The circumstances surrounding Aristide's resignation on February 29, 2004, were quickly papered over by a constitutional transition that elevated Boniface Alexandre, head of the Supreme Court, to the position of president. Former prime minister Yvon Neptune, an Aristide ally, agreed to remain in office to help the transition process. Political decay continued throughout the rest of the country. By March 1, the National Resistance Front for the Liberation of Haiti, led by the controversial Guy Philippe, a former soldier and the U.S.-trained chief of police of Cap Haitien, rolled into Port-au-Prince. Without a mandate to disarm the new arrivals, an international peacekeeping force-sent under UN auspices to restore order-limited itself to patrols, while generalized looting took place.
On March 10, a commission of elder statesmen announced that Gerard Latortue, who had been in exile in Miami, would become the country's new prime minister. The multinational peacekeeping force gradually extended its reach from the capital and was renewed by the leadership of Brazil and forces from Chile, Argentina, and Uruguay, as well as others. These forces eventually reached 7,400 troops and civilian police, but a protracted struggle only led to an uneasy peace, with the peacekeepers holding nominal control over the country but having a continuous presence only in major cities.
Political stability did not follow the anarchy that coincided with the departure of Aristide. The government of Prime Minister Latortue, lacking a strong political base, continued to try to establish order, primarily through the use of a retrained police force. During the summer of 2005, Haiti experienced an explosion in homicides and kidnappings that seriously threatened the ability of international troops to provide security for the electoral process.
The proposed 2005 electoral timetable suffered repeated postponements throughout the year. The first round of elections was originally scheduled for mid-October, then pushed back to November 20, and then further delayed. Despite the urging of the UN Security Council and other international bodies, Haitian electoral authorities decided to postpone the first round of presidential and legislative elections until February 7, 2006. The interim government and international authorities agreed that a newly elected government should be sworn into office no later than February 7, 2006-the date that would have marked the end of former president Aristide's term had he not been ousted prematurely.

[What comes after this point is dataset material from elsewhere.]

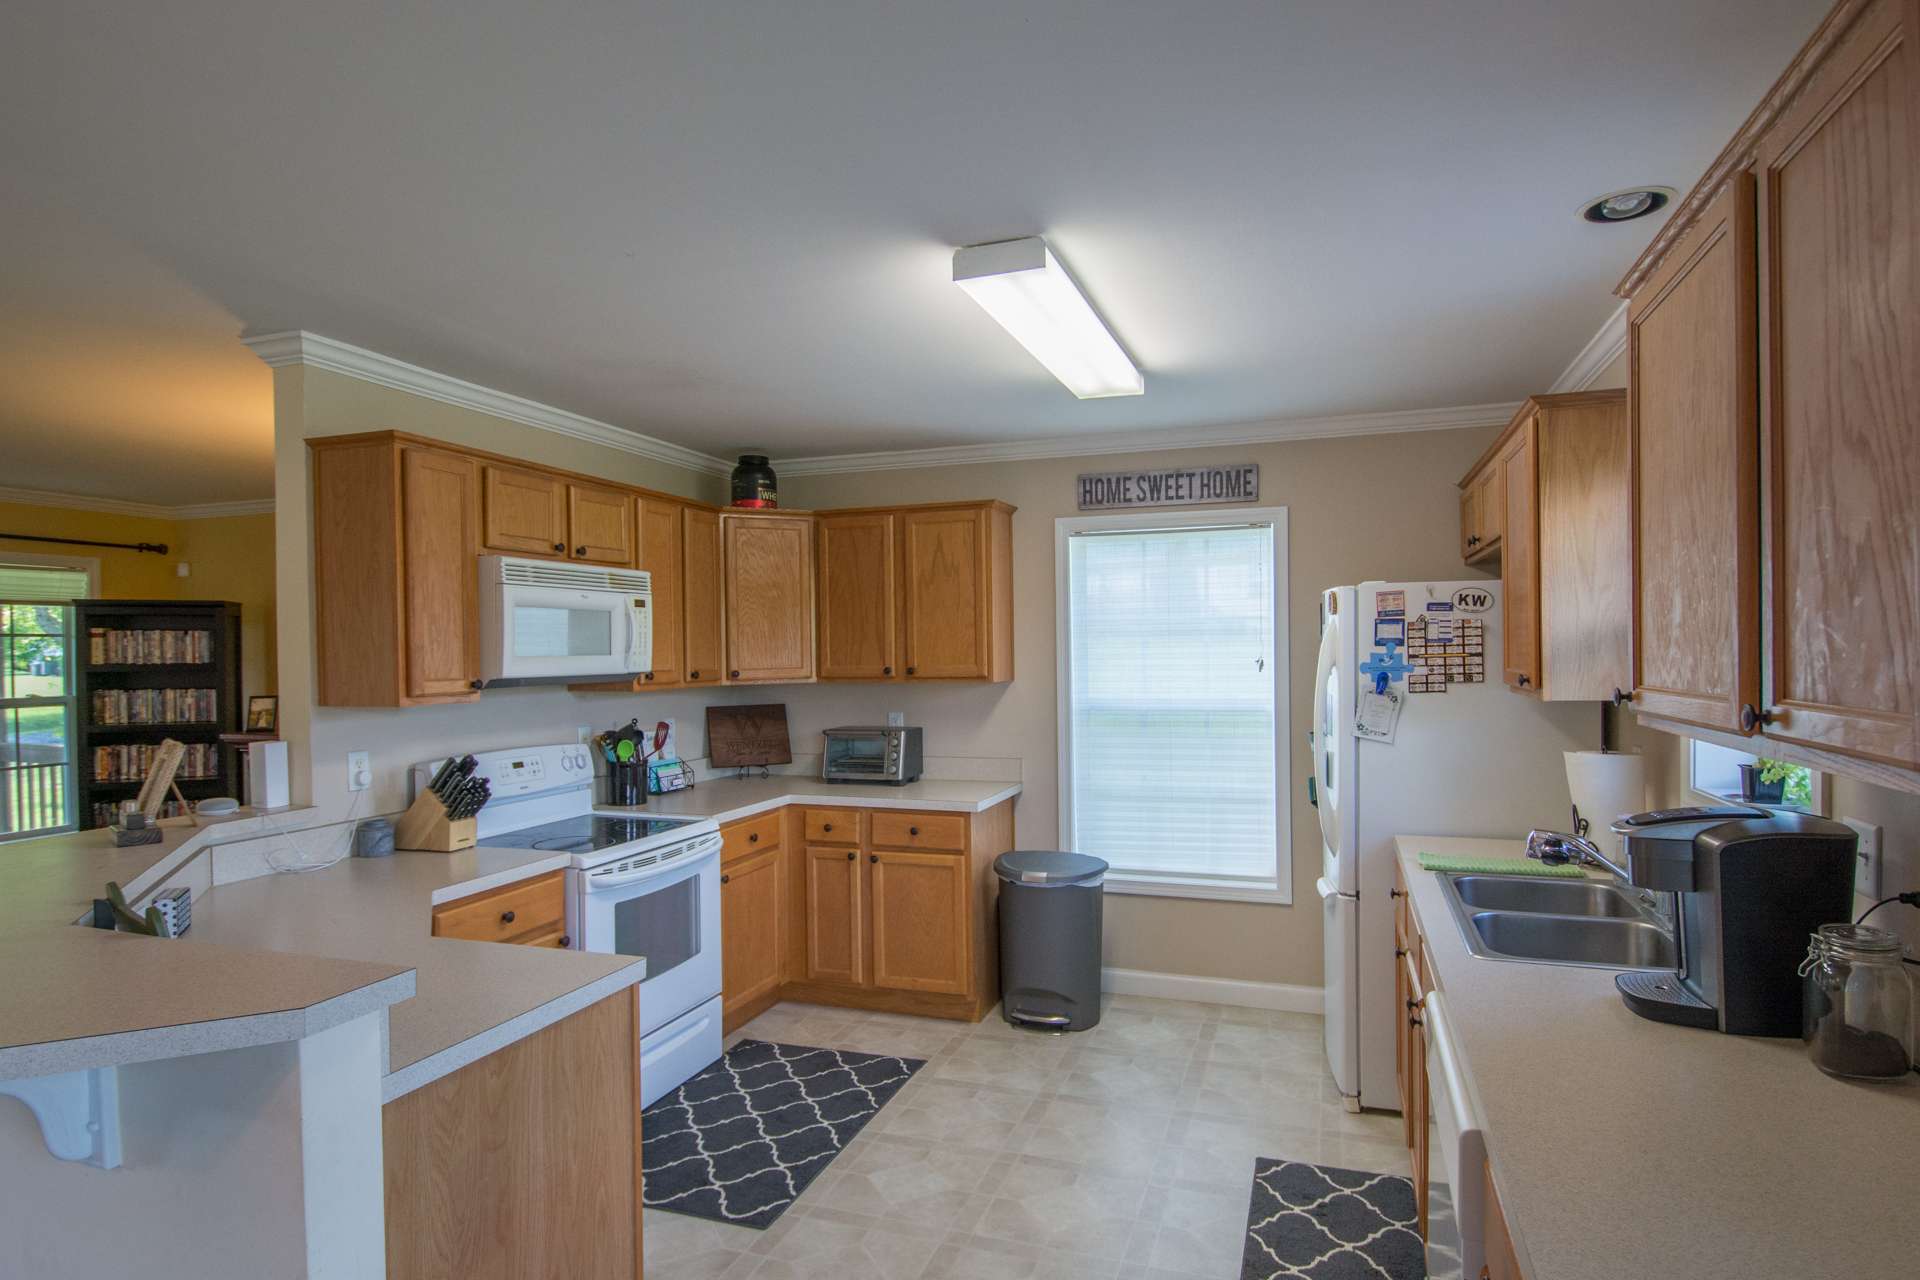 The kitchen offers plenty of work and storage space and includes a bar with seating space.

Haiti's electorate consists of approximately 4.5 million potential voters, and more than 3 million had registered for the 2006 elections. Meanwhile, more than 30 candidates registered for the presidential race, but the interim government questioned the validity of those who may also have U.S. citizenship, which sparked strenuous debate among Haitians living overseas. The Provisional Electoral Council was widely seen as ineffective, and the United Nations and Organization of American States had to step in to fill the gap.
Haiti has the lowest life expectancy and highest infant mortality rates in the Western Hemisphere. Haiti's people are among the poorest in the Western Hemisphere and have the lowest levels of human development, including a literacy rate below 50 percent. In the view of many foreign and local observers, Haiti today represents the closest example of a failed state in the Western Hemisphere.
Citizens of Haiti cannot change their government democratically. Credible charges of irregularities and fraud have beset every election since 1990. Haiti's 1987 constitution provides for a president elected for a five-year term, an elected National Assembly composed of the 27-member Senate and the 83-member Chamber of Deputies, and a prime minister appointed by the president. Senators are elected for six-year terms, and deputies for four-year terms.
Haiti's political party system has undergone a complete meltdown, and few organized party structures exist, although there are at least 100 political parties, most affiliated with a single leader or clique. The most relevant of these embryonic party structures in Haiti today are the Lespwa grouping of former president Rene Preval, former president Jean-Bertrand Aristide's Lavalas Party, the Protestant evangelist party of Union, and the socialist coalition party of Fusion.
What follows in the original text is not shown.